Jersey Jazzman: Fact: Some Newark Merit Pay Will Go To the Wrong Teachers

The teachers of Newark have a decision to make: they can accept a large sum of private money and settle their contract... but only if they adhere to a merit pay program.

I am not about to tell anyone what to do, but I do feel compelled to lay out the facts. And one fact is for certain:

If the merit pay bonuses are based on the state-mandated four-tier evaluation system, at least some of the merit pay will go to the wrong teachers.

How can I be so sure of this? Because the state law requires "student achievement" - in other words, standardized test scores - to be used in teacher evaluations. And in any system where student scores are used to determine teacher evaluations, there will be errors.

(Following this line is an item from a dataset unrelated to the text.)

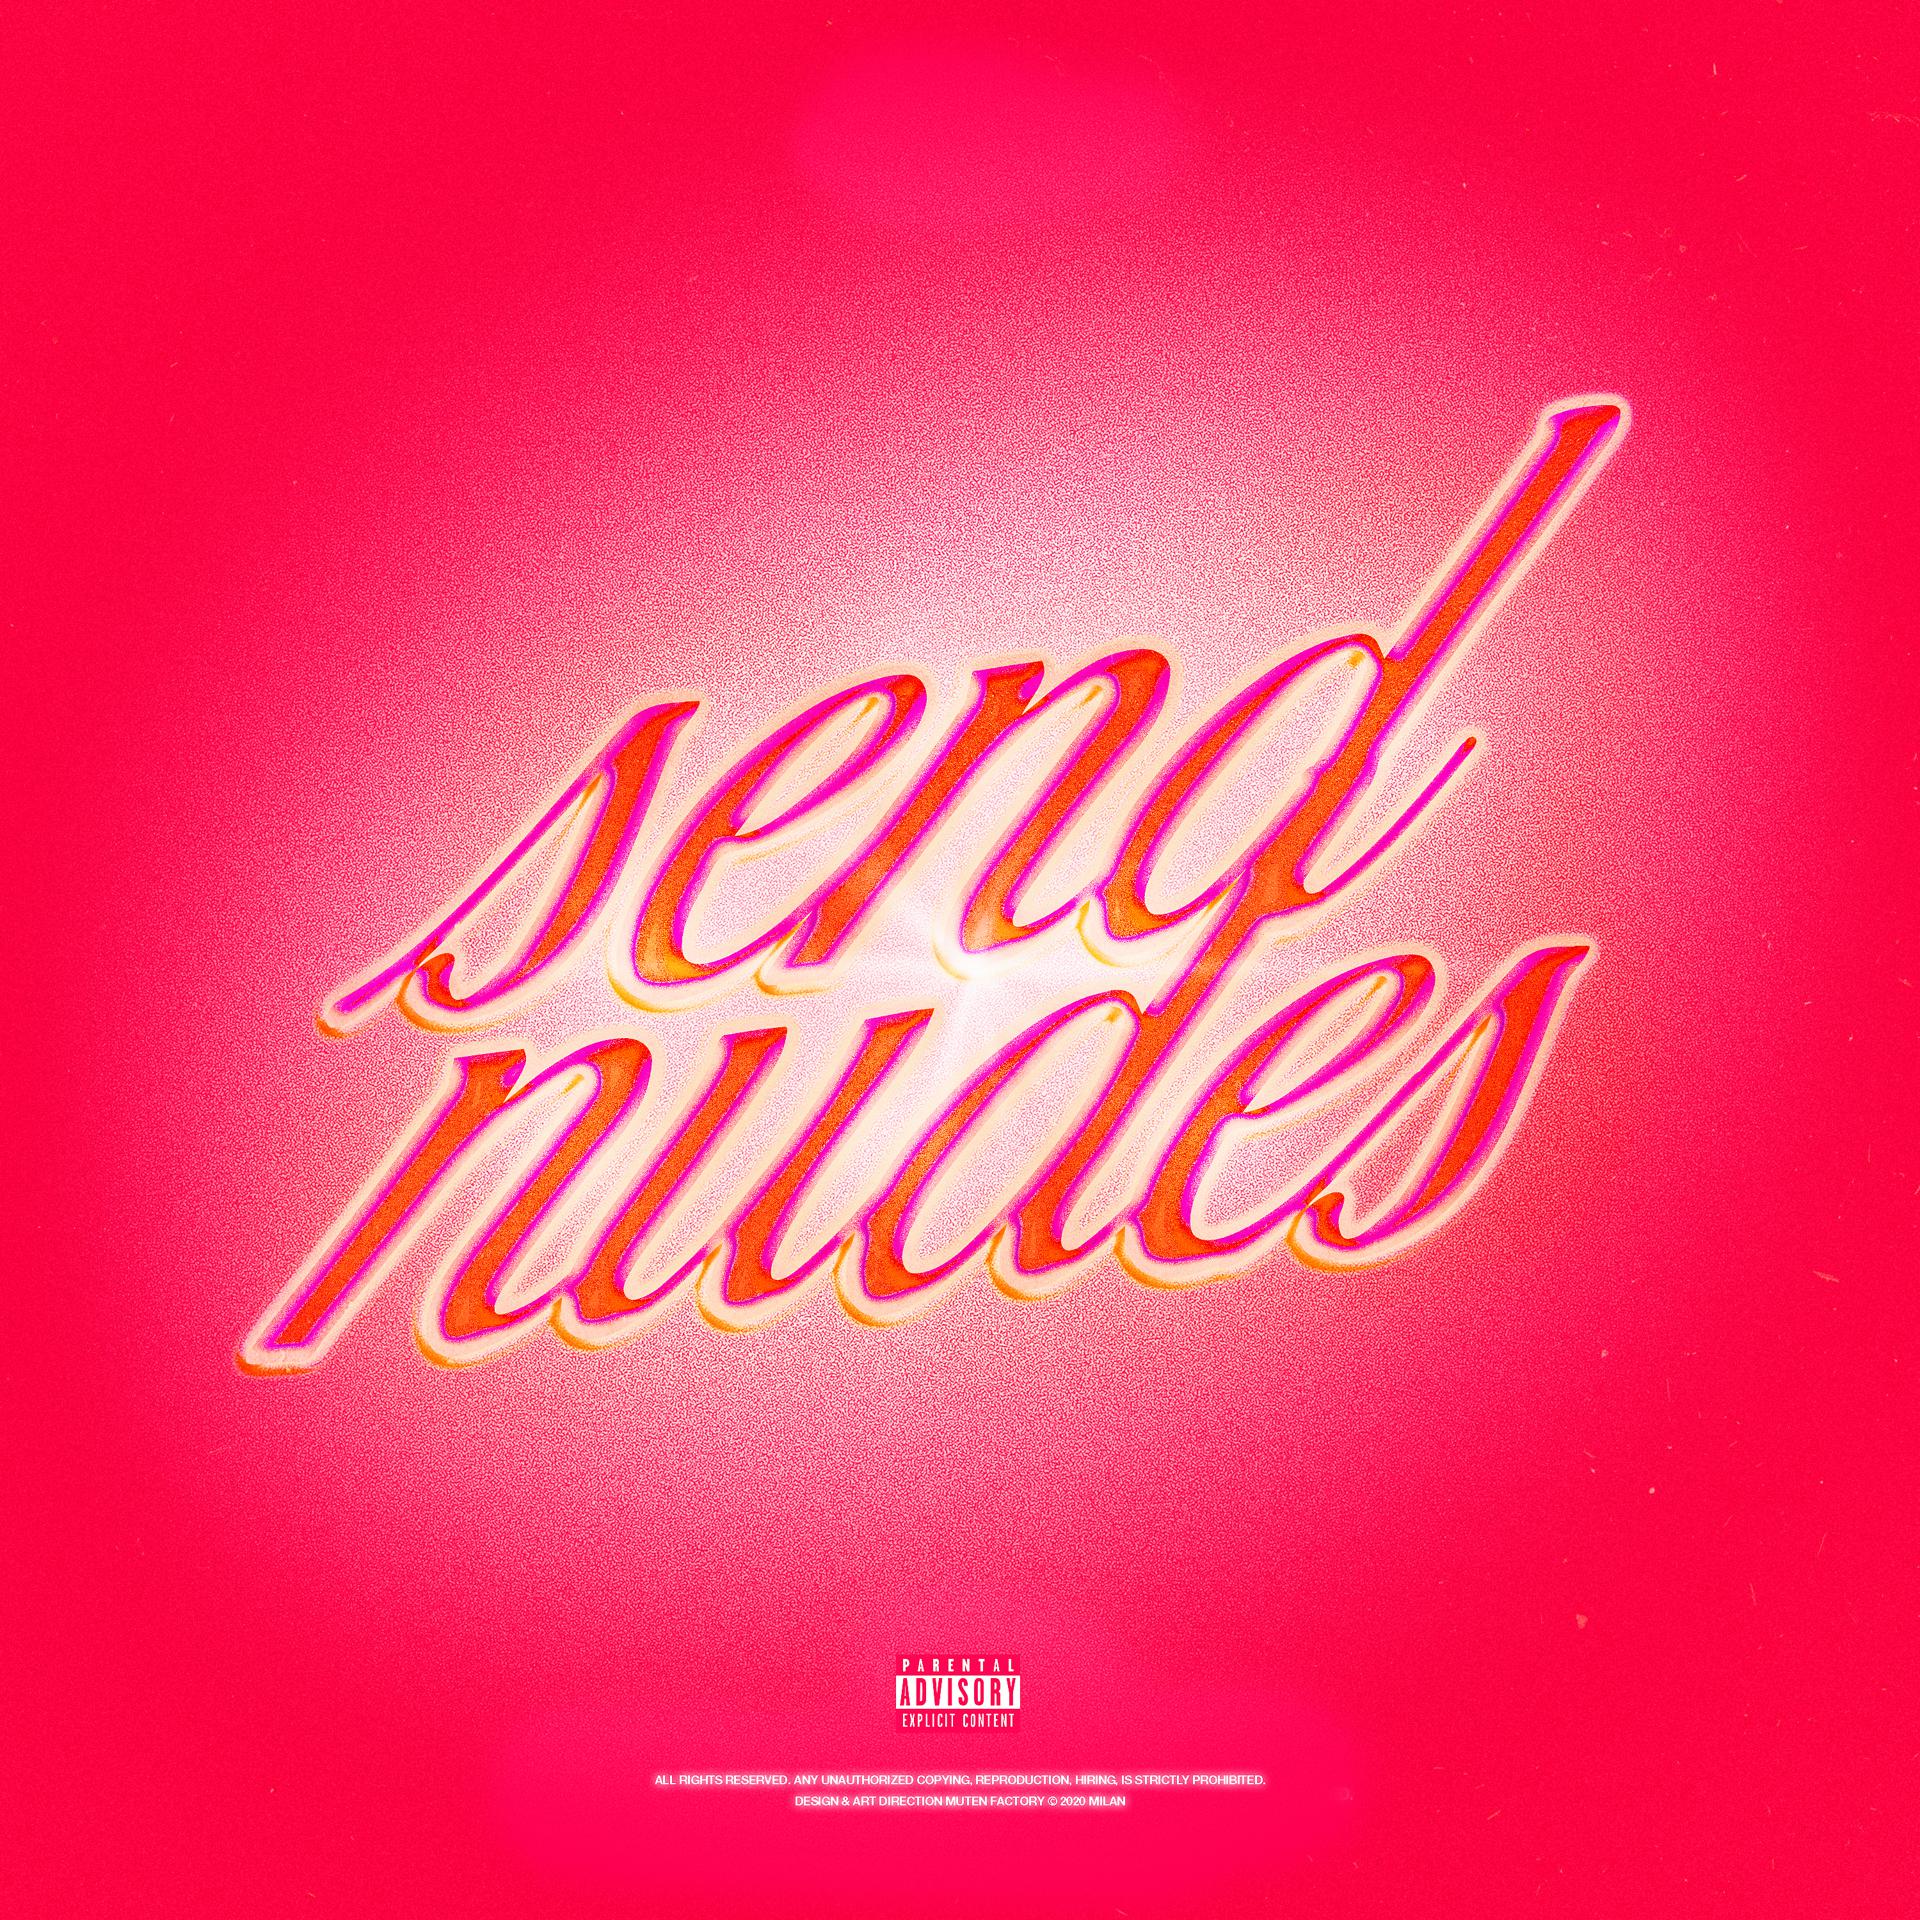 Постер альбома Send Nudes

But don't take my word for it; talk to the people who actually advocate for using Value Added Modeling (VAM) in the use of teacher evaluations. Every one of them admits that there will be errors; they understand it would be ridiculous to imply that there won't be any. For example, here's Dan Goldhaber, an economist and big VAM cheerleader:

We do believe it makes sense for policymakers to be transparent with stakeholders about how teacher rankings can be affected by model choice. This is important, for our findings show that models that, broadly speaking, agree with one another (in terms of high correlations) can still generate, arguably, meaningful differences in teacher rankings that correlate with the type of students they are serving. Moreover, some models that could be seen by researchers as providing more accurate estimates of true teacher performance (i.e. school and student fixed effects specifications) generate effectiveness estimates that are far less stable over time than less saturated specifications. And, issues like intertemporal stability, or the transparency of a measure, may also influence teachers’ perceptions of the measure. [emphasis mine]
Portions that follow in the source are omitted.